Setup a 2 server Kafka instance in both eqiad and codfw for reliable purge streams
Closed, ResolvedPublic

Description

For memcached purges (and later CDN purges) to reliable happen both within and across datacenters we will need a pubsub system. Ori, Andrew, and I talking about using Kafka for this.

A modest 2 node setup in each DC is enough for HA, and the purge streams will consist of small JSON messages which are quickly consumed, so we should not need a huge amount of disk.

A few notes about the usage:

  • The varnish and memcached nodes in codfw will be subscribed to the purge stream cluster in eqiad
  • The varnish and memcached nodes in eqiad will be subscribed to the purge stream cluster in codfw for completeness and simpler fail-over (though little traffic should come this way)
  • MediaWiki will be the only initial producer of memcached and varnish purge JSON messages
  • Subscribers are all thus cross-DC
  • Since producers always talk to local kakfa clusters, latency should not be an issue, though the DeferredUpdates class for MediaWiki can be put to use if needed
  • Messages only convey purges, not new values, so they are very small
  • The rate of purges is normally tied to the rate of editing across all sites, which is low (<< 100 hz)
  • Maintenance scripts sometimes trigger lots of purges, which should still be fine, but is worth thinking about more than normal editing
  • The cluster will likely be expanded and used for the larger event bus project down the road...

Since varnish and memcached themselves can handle high purge rates, it would be nice not to bottleneck them with the bus too much, even if we don't purge at high rates *normally*. There is a lot of room for discussion about disk type and RAM. I'd defer to Andrew on those.

Some notes were also logged at https://etherpad.wikimedia.org/p/KafkaPurge

The consumer "pull" logic would be ported from the redis prototype at https://git.wikimedia.org/tree/mediawiki%2Fservices%2Fpython-cache-relay

Update of task from discussion:

eqiad (one of the below): comments from @GWicke support use of the spares for at least a year of projected use.

  • - allocate two spare R610 single cpu out of warranty system, swap in the 250GB disks per @Ottomata's request
  • - purchase two single cpu system, priced on T117240

codfw (one of the below): Neither option selected, as preference is dictated by what costs less in budget, ordering a new single cpu machine or using an overprovisioned spare.

  • - allocate two over-provisioned Dell PowerEdge R420, Dual Intel Xeon E5-2440, 32 GB Memory, (2) 500GB Disks - we have 4 remaining, two out of warranty as of this year, and two that expire in January of 2016)
  • - purchase two single cpu system, priced on T117240

Related Objects

Event Timeline

aaron created this task.Sep 29 2015, 10:53 PM
aaron claimed this task.
aaron raised the priority of this task from to Normal.
aaron updated the task description. (Show Details)
aaron added a project: acl*sre-team.
aaron set Security to None.
aaron added subscribers: ori, Gilles, aaron and 4 others.
Restricted Application added a subscriber: Matanya. · View Herald TranscriptSep 29 2015, 10:54 PM
aaron updated the task description. (Show Details)Sep 29 2015, 10:55 PM
aaron updated the task description. (Show Details)

Aye cool!

Quick note before I leave for the day:

These Kafka clusters will likely be used for the production use of EventBus which is currently only in the brainstorm phase.
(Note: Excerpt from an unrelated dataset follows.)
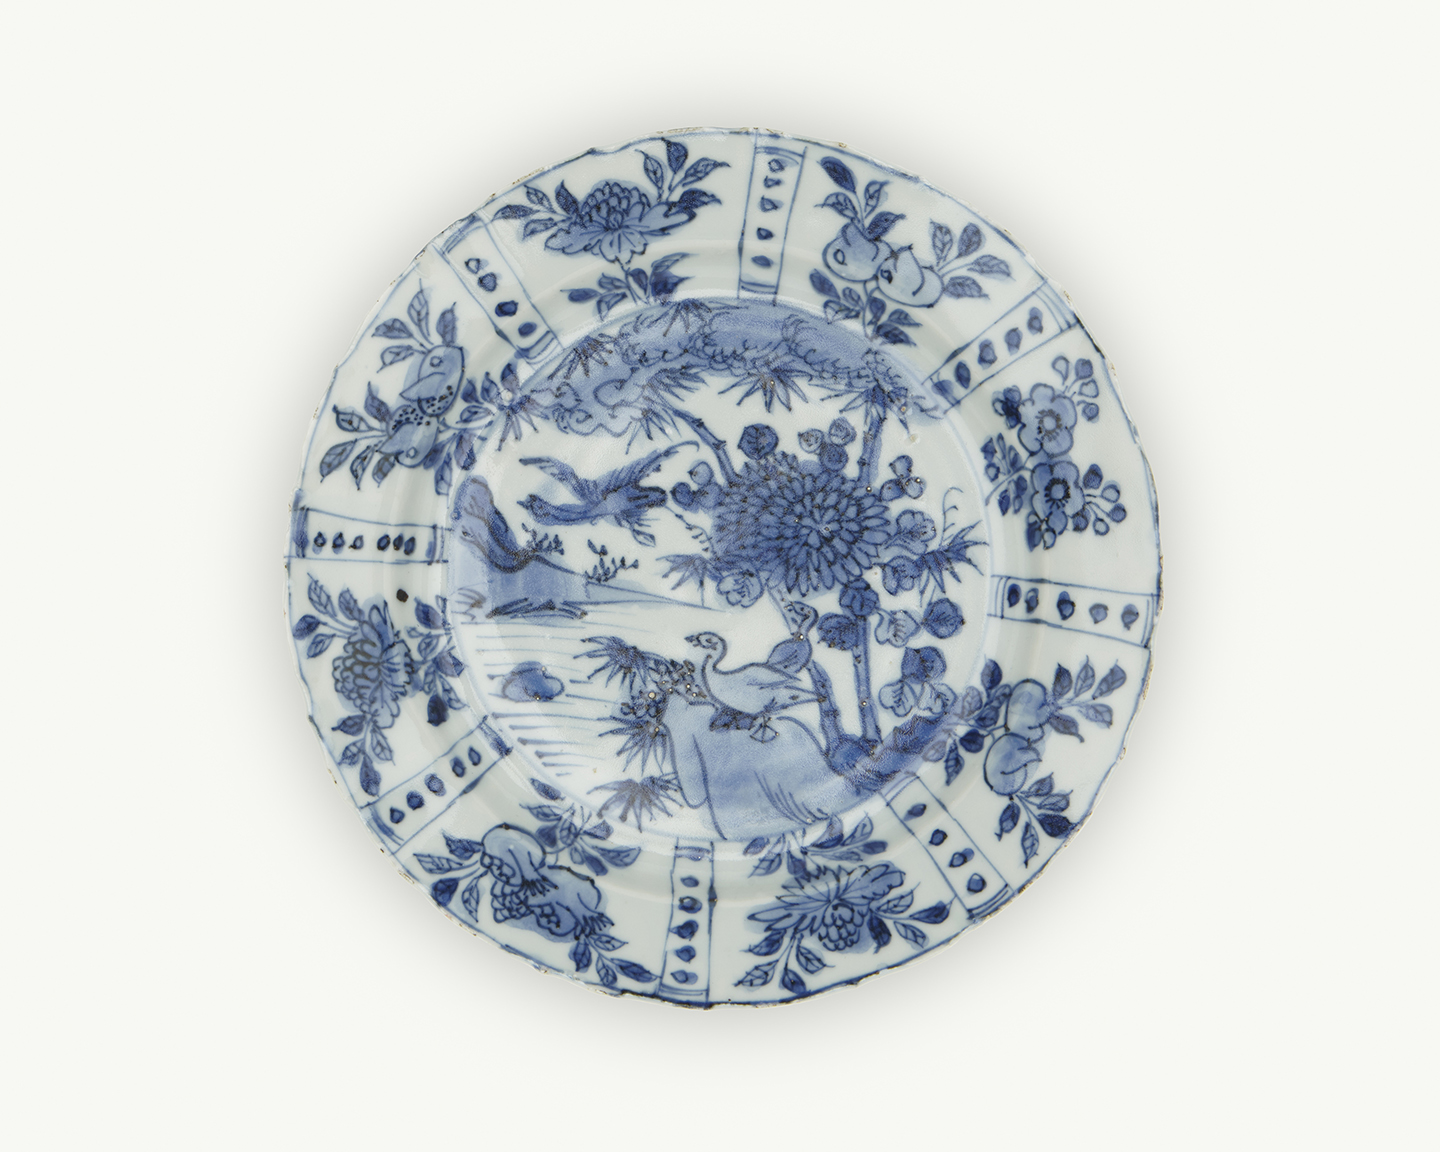 A white plate decorated with blue flowers and birds.

The throughput of the production clusters will likely be much less than the Analytics Kafka cluster, but we should still provision hardware with more use cases in mind than just this one.

aaron removed aaron as the assignee of this task.Oct 2 2015, 6:38 PM
ori edited projects, added hardware-requests; removed procurement.Oct 2 2015, 6:59 PM
Krinkle added a subscriber: Krinkle.Oct 5 2015, 6:15 PM
Ottomata added a subscriber: GWicke.

@ori, @mark, @GWicke, @kevinator

I'm not really sure how to move this forward. Who's budget does this come from? Who approves the procurement request?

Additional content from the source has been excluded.